The existing alternative approaches for transaction gossiping are:
- Flood - the current transaction gossiping protocol in CometBFT
- CAT Mempool - the transaction gossiping proposed by Celestia
- Limiting number of peers to send a transaction to - Experimental protocol in CometBFT
- libp2p gossipSub protocol
Flood is the protocol currently used by CometBFT to gossip transactions. If a transaction was received via RPC, it is gossiped to all connected peers. Transactions received from other peers are forwarded to all the peers which have not already sent this particular transaction.
This is enabled by CometBFT keeping the ID of each peer that has sent a transaction. This does not prevent a node to send the transaction to a node that has already received this transactions from its peers, thus creating a lot of duplicates.
This is the exact problem DOG was designed to tackle.
Content-Addressable Transaction (CAT) is a "push-pull" gossip protocol originally implemented by Celestia on top of the priority-mempool (aka v1), which existed in Tendermint Core until v0.36 and CometBFT until v0.37.
With CAT, nodes forward ("push") transactions received from users via RPC endpoints to their peers. When a node A
receives a transaction from another node, it will notify its peers that it has the transaction with a SeenTx(hash(tx))
message. A node B
, upon receiving the SeenTx
message from A
, will check whether the transaction is in its mempool. If not, it will "pull" the transaction from A
by sending a WantTx(hash(tx))
message, to which A
responds with a Tx
message carrying the full transaction. While SeenTx
and HaveTx
messages are much smaller than Tx
messages, these additional communication steps introduce latency when disseminating transactions.
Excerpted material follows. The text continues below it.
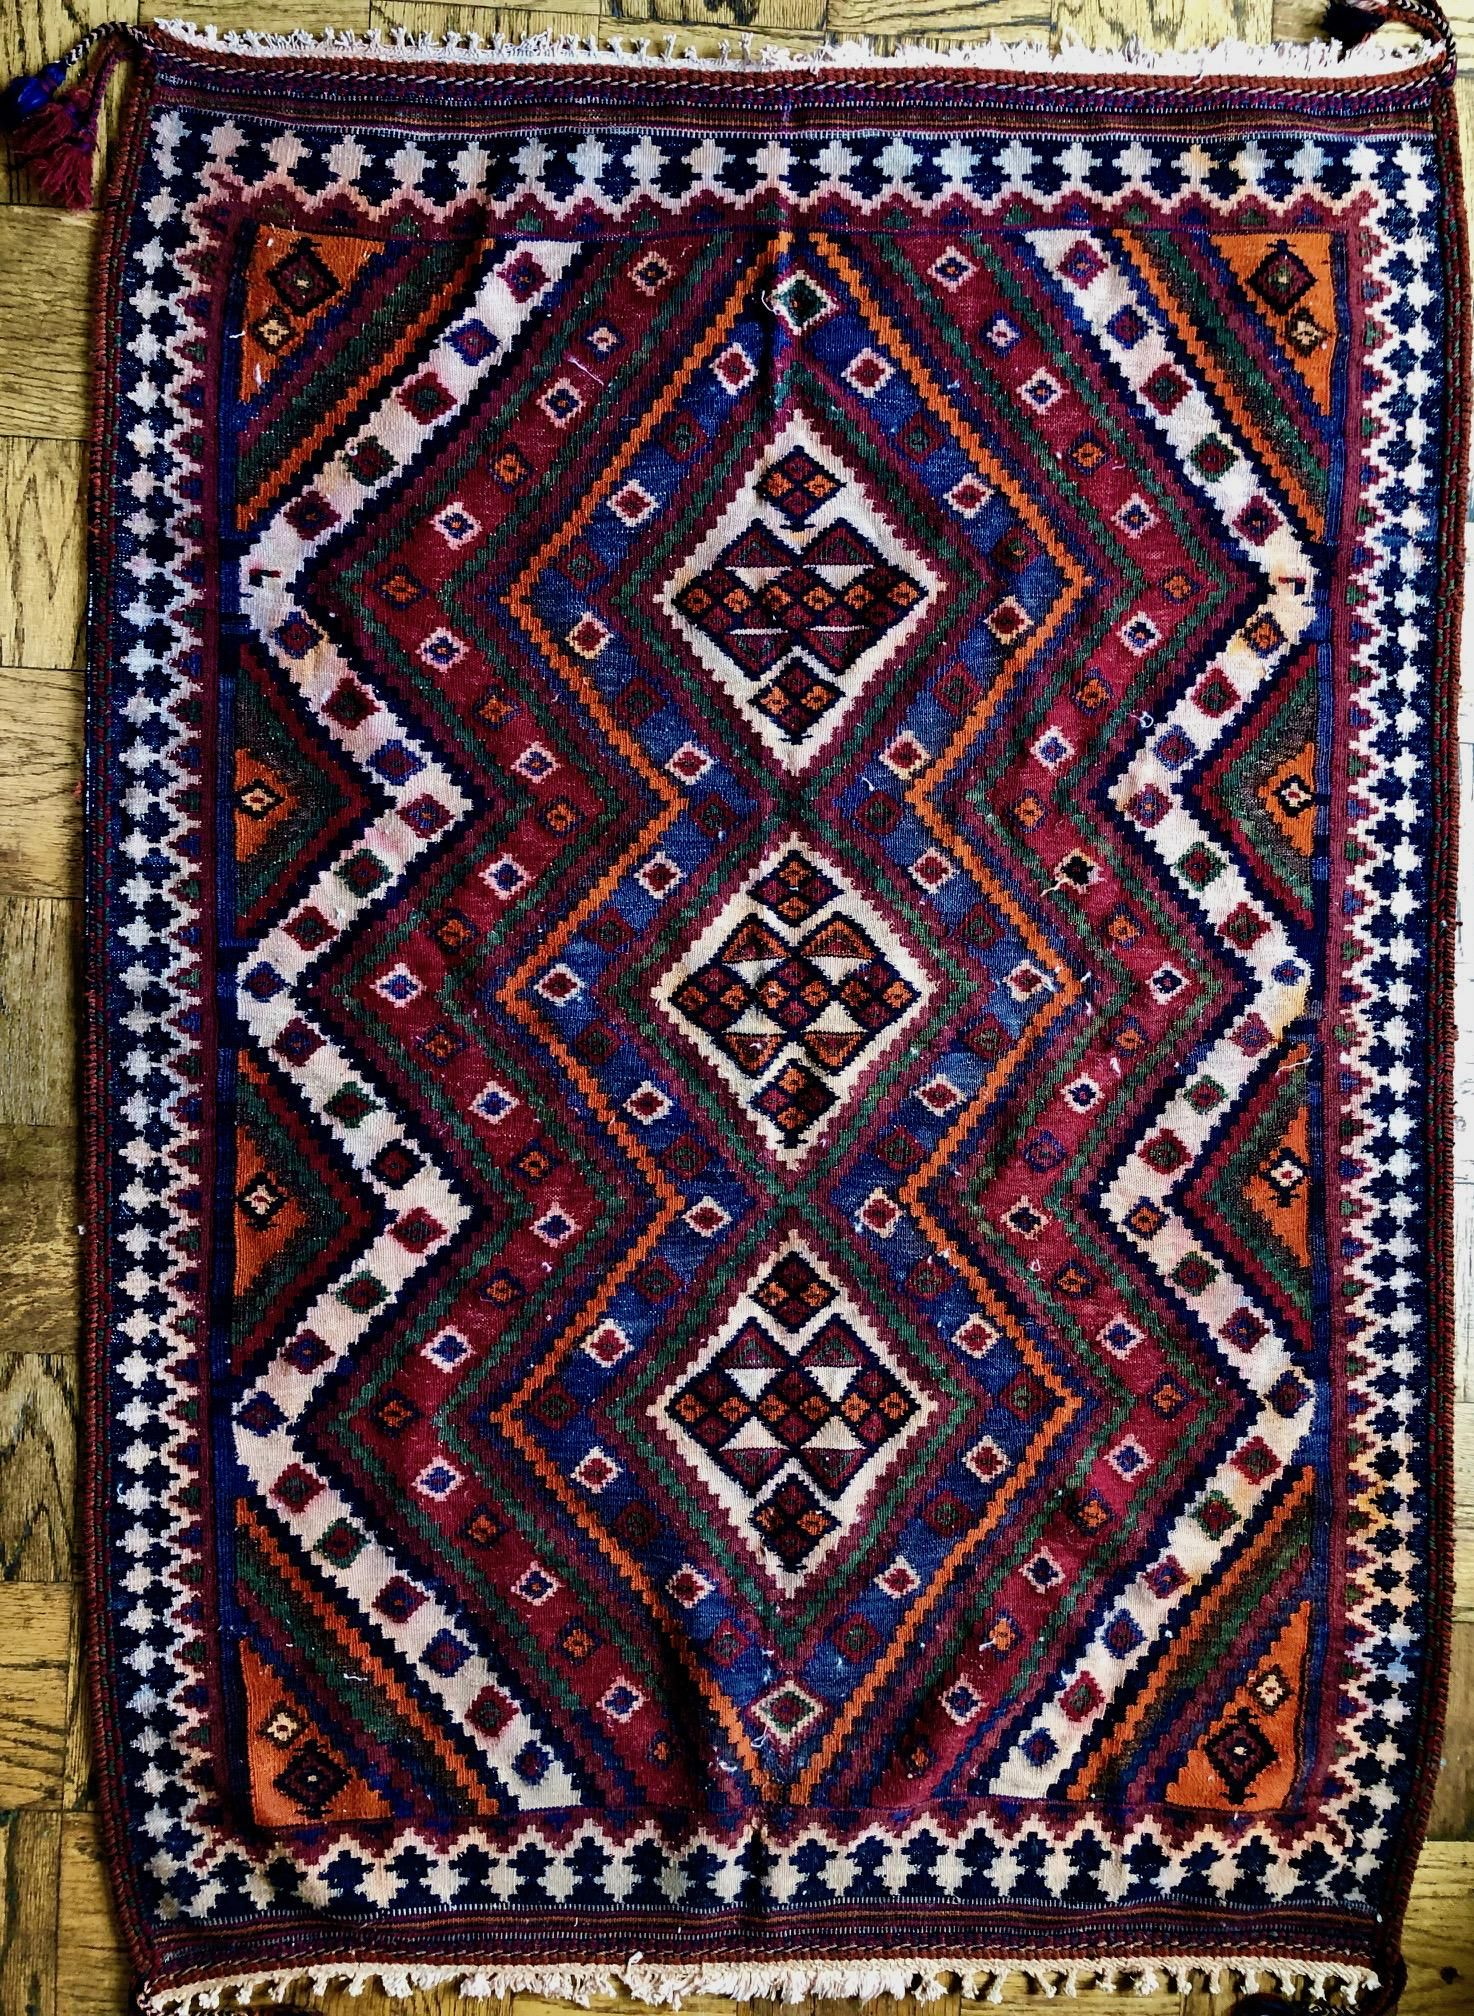 Semi-Antique Handwoven Tribal Kilim Rug: 6 1/2 x 5 feet

The CAT protocol was especially designed for networks with low throughput and large transaction sizes.
Efforts to port the CAT mempool to CometBFT were documented in #2027. Experimental results on a small testnet from #1472 showed that CAT effectively reduces bandwidth usage. However, its impact on latency was not evaluated in those tests. Porting CAT was finally deprioritised in favor of DOG.
CometBFT allows operators to configure p2p.experimental_max_gossip_connections_to_non_persistent_peers
and p2p.experimental_max_gossip_connections_to_persistent_peers
as a maximum number of peers to send transactions to (#1558 and #1584).
This reduces bandwidth compared to when they are disabled, but there is no rule to determine which peers transactions
are not forwarded to. DOG can be considered an enhanced, more informed version of this protocol.
A node can use either this or DOG, but not both at the same time.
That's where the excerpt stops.